- PROVIDED ENTRIES:
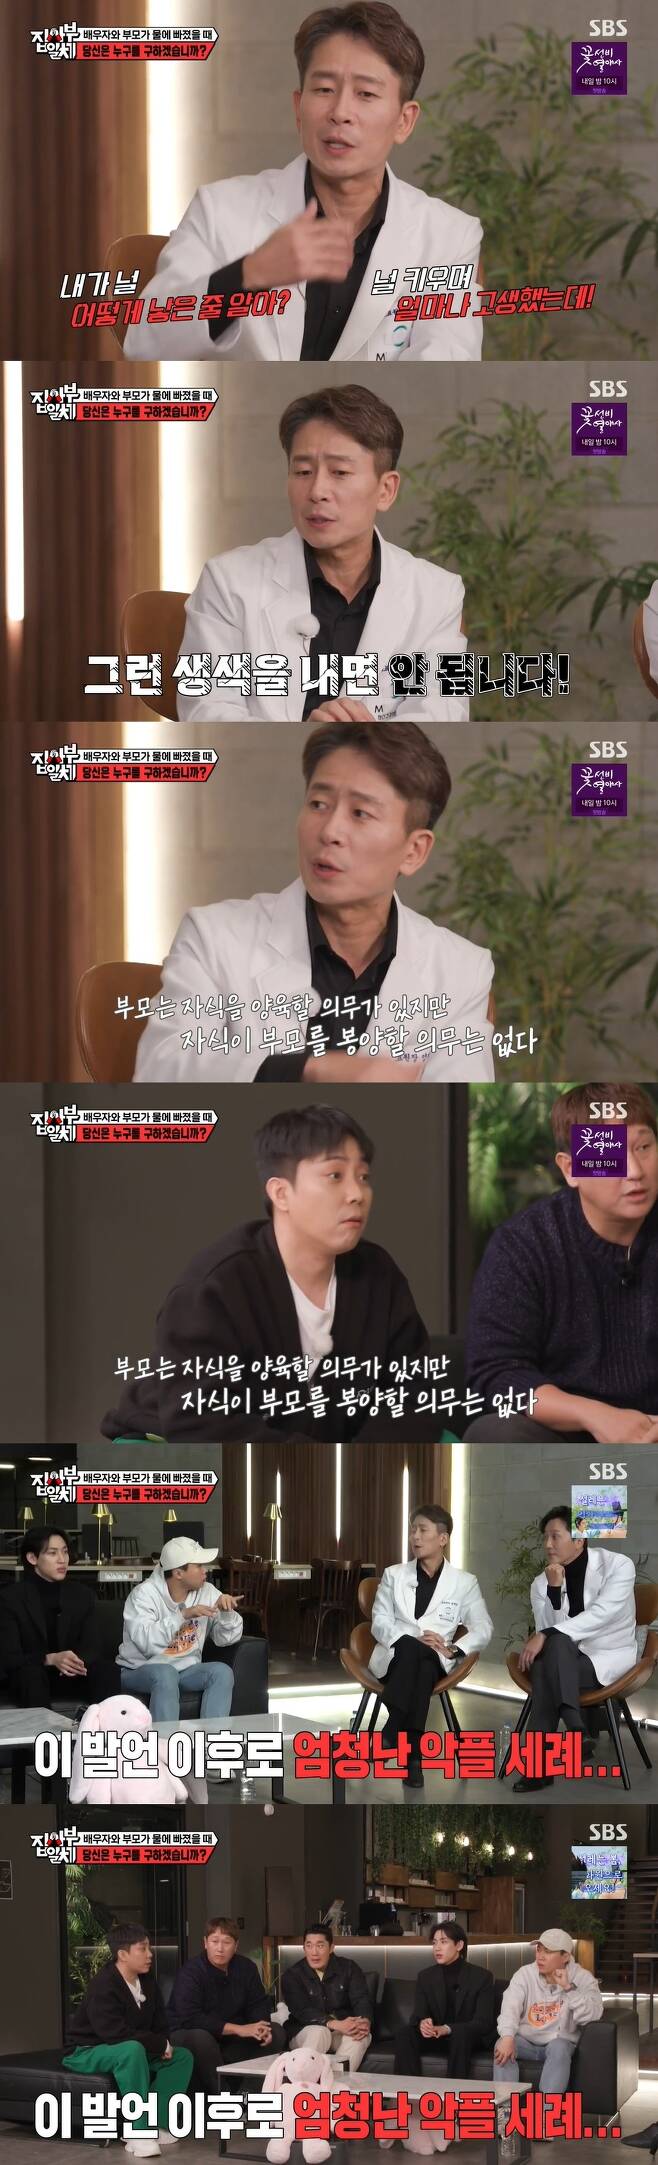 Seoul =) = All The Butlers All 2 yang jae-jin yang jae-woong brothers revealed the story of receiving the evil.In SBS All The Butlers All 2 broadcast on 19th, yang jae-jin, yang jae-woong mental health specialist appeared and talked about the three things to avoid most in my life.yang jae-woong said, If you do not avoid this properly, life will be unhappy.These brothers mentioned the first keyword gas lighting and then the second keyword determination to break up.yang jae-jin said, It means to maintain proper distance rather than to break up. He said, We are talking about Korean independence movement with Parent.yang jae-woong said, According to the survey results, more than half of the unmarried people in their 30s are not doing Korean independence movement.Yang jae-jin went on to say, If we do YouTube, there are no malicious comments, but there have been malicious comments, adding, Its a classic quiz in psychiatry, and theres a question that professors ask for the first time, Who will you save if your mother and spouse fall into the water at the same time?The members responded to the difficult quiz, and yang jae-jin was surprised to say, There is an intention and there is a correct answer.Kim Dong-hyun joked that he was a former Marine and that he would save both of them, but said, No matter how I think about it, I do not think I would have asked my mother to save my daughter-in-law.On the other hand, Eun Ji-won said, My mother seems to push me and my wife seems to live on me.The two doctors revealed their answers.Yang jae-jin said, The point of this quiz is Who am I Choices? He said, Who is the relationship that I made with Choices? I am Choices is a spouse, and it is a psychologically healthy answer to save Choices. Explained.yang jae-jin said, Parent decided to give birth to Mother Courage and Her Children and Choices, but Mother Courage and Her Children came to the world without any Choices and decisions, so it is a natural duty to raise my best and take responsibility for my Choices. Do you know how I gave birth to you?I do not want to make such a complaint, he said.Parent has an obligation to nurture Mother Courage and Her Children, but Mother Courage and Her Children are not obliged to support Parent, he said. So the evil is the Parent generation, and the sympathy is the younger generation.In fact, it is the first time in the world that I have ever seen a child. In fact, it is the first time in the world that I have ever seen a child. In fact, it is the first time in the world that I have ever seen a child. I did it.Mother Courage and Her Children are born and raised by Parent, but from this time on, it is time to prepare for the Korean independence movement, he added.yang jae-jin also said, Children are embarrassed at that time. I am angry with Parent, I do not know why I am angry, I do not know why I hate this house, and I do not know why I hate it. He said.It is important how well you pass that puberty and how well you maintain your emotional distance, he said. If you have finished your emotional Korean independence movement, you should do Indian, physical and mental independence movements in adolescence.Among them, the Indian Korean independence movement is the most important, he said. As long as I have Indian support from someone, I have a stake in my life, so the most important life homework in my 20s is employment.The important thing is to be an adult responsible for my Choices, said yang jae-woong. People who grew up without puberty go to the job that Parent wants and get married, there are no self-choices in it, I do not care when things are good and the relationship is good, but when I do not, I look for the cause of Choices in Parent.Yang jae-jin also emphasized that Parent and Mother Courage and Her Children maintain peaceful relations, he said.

--

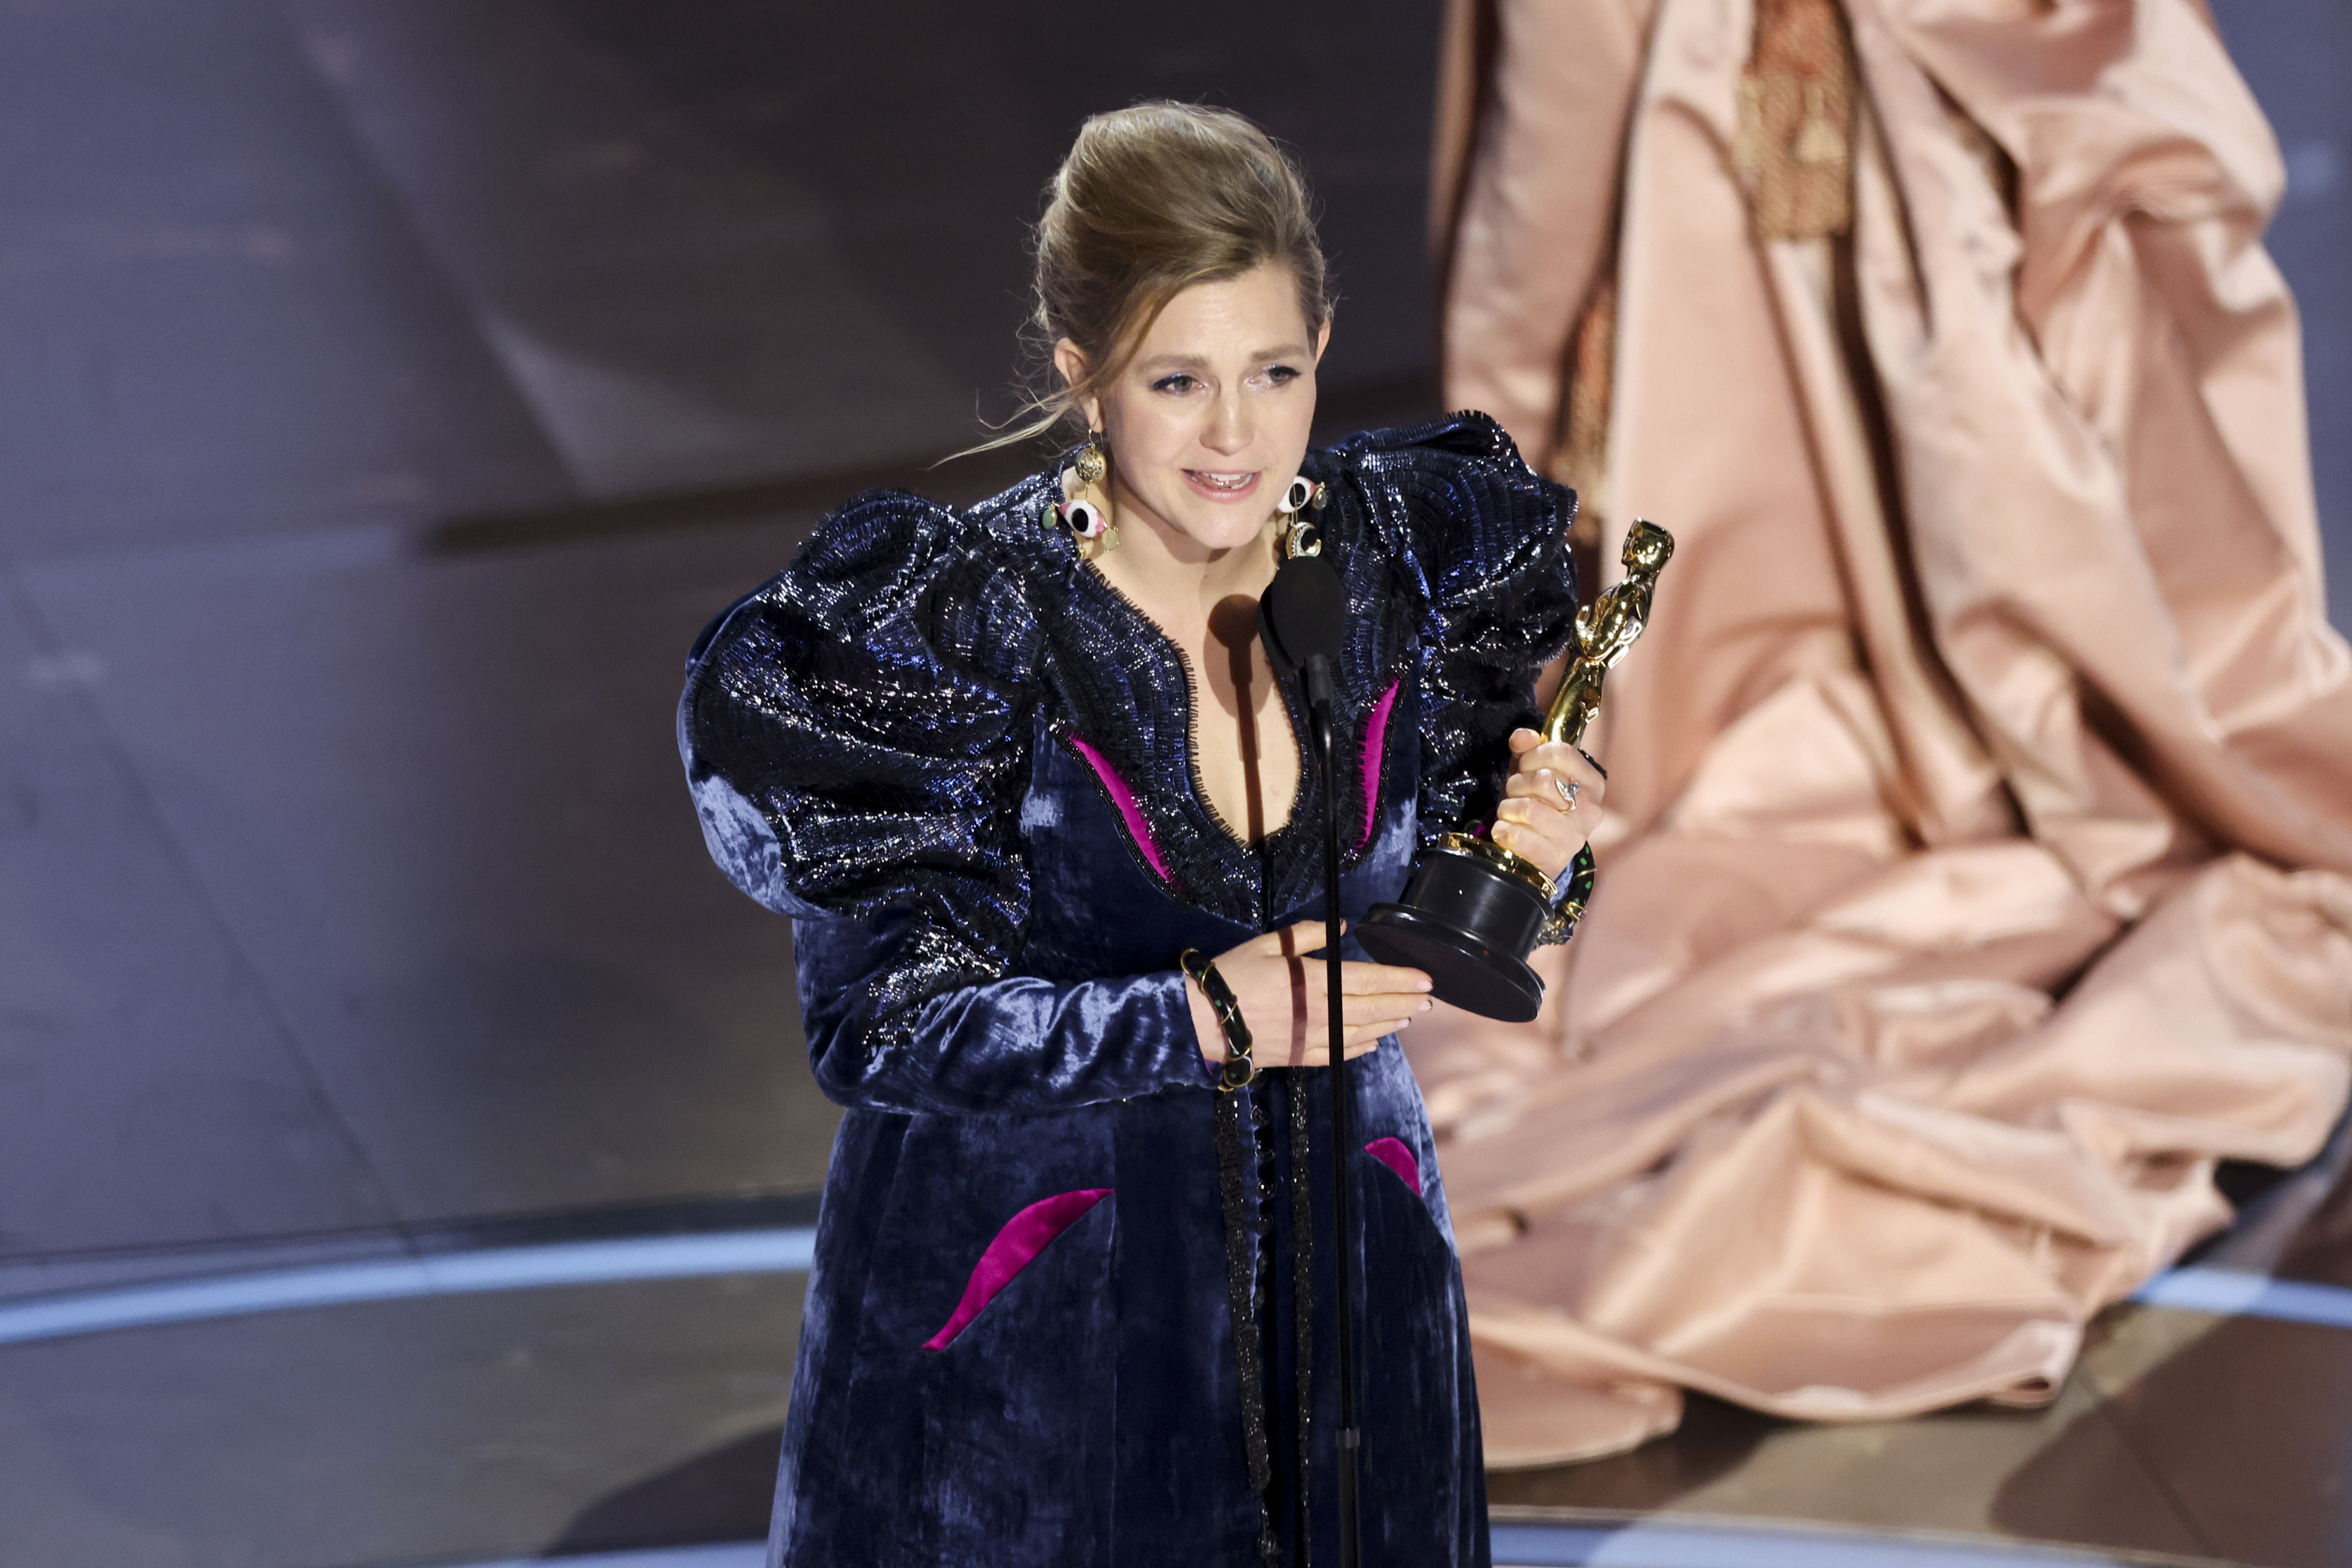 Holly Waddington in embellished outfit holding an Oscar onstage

...

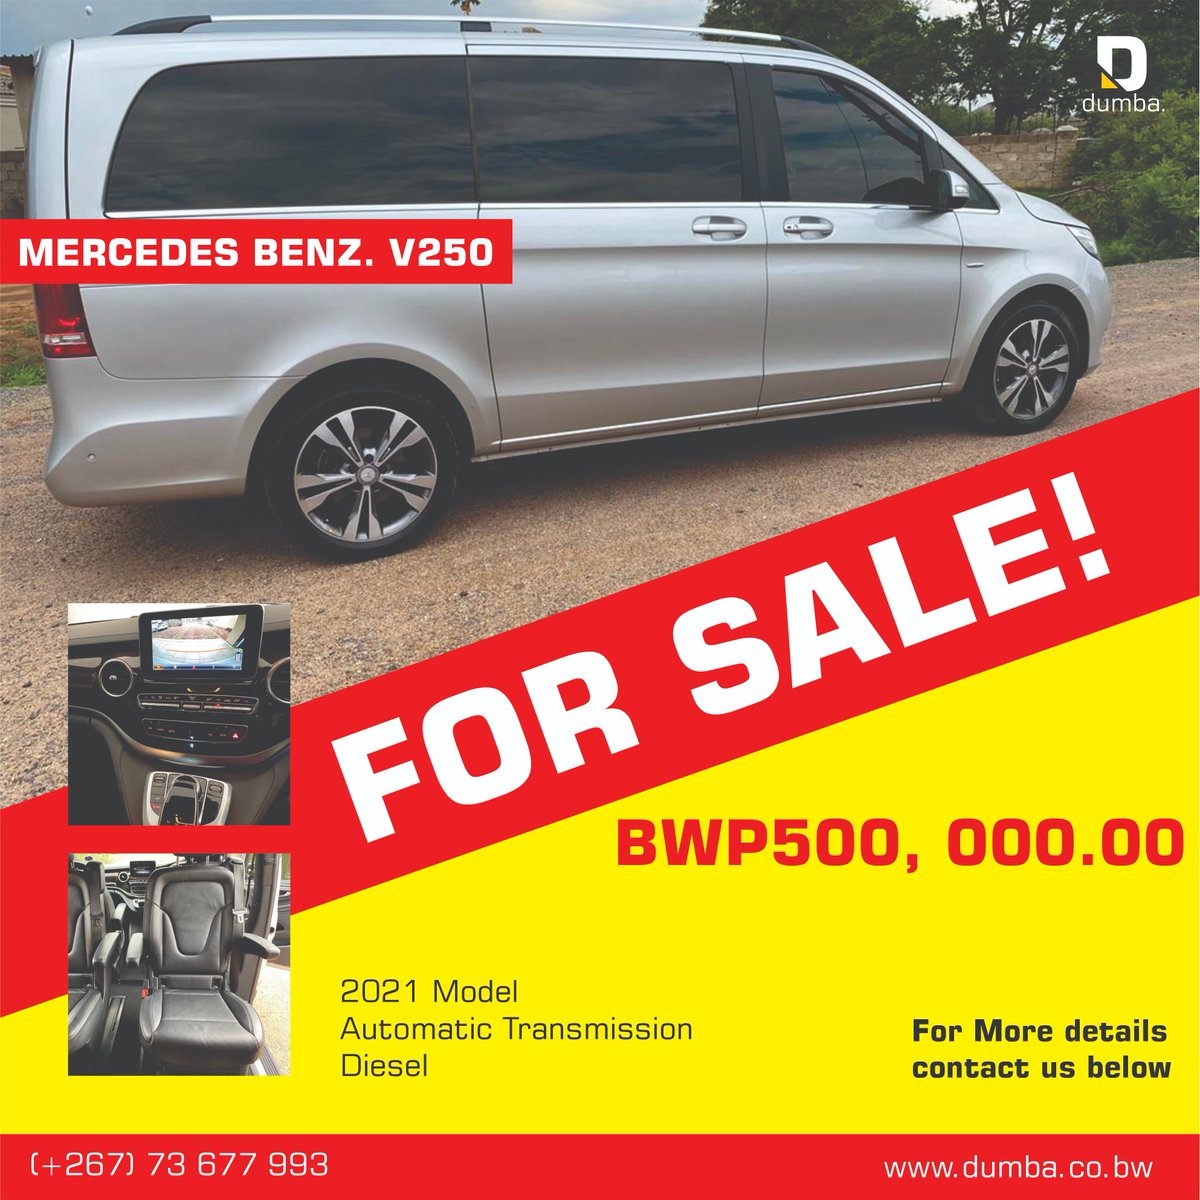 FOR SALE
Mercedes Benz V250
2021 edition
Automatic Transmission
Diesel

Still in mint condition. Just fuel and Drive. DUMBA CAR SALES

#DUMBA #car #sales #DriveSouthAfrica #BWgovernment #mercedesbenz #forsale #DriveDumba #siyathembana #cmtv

- WHAT TO PRODUCE: Please reproduce exactly the lines in the listing above from the one containing "Mercedes Benz V250" through the one containing "#DUMBA #car #sales", both included, and nothing more.

- RESULT BELOW:
Mercedes Benz V250
2021 edition
Automatic Transmission
Diesel

Still in mint condition. Just fuel and Drive. DUMBA CAR SALES

#DUMBA #car #sales #DriveSouthAfrica #BWgovernment #mercedesbenz #forsale #DriveDumba #siyathembana #cmtv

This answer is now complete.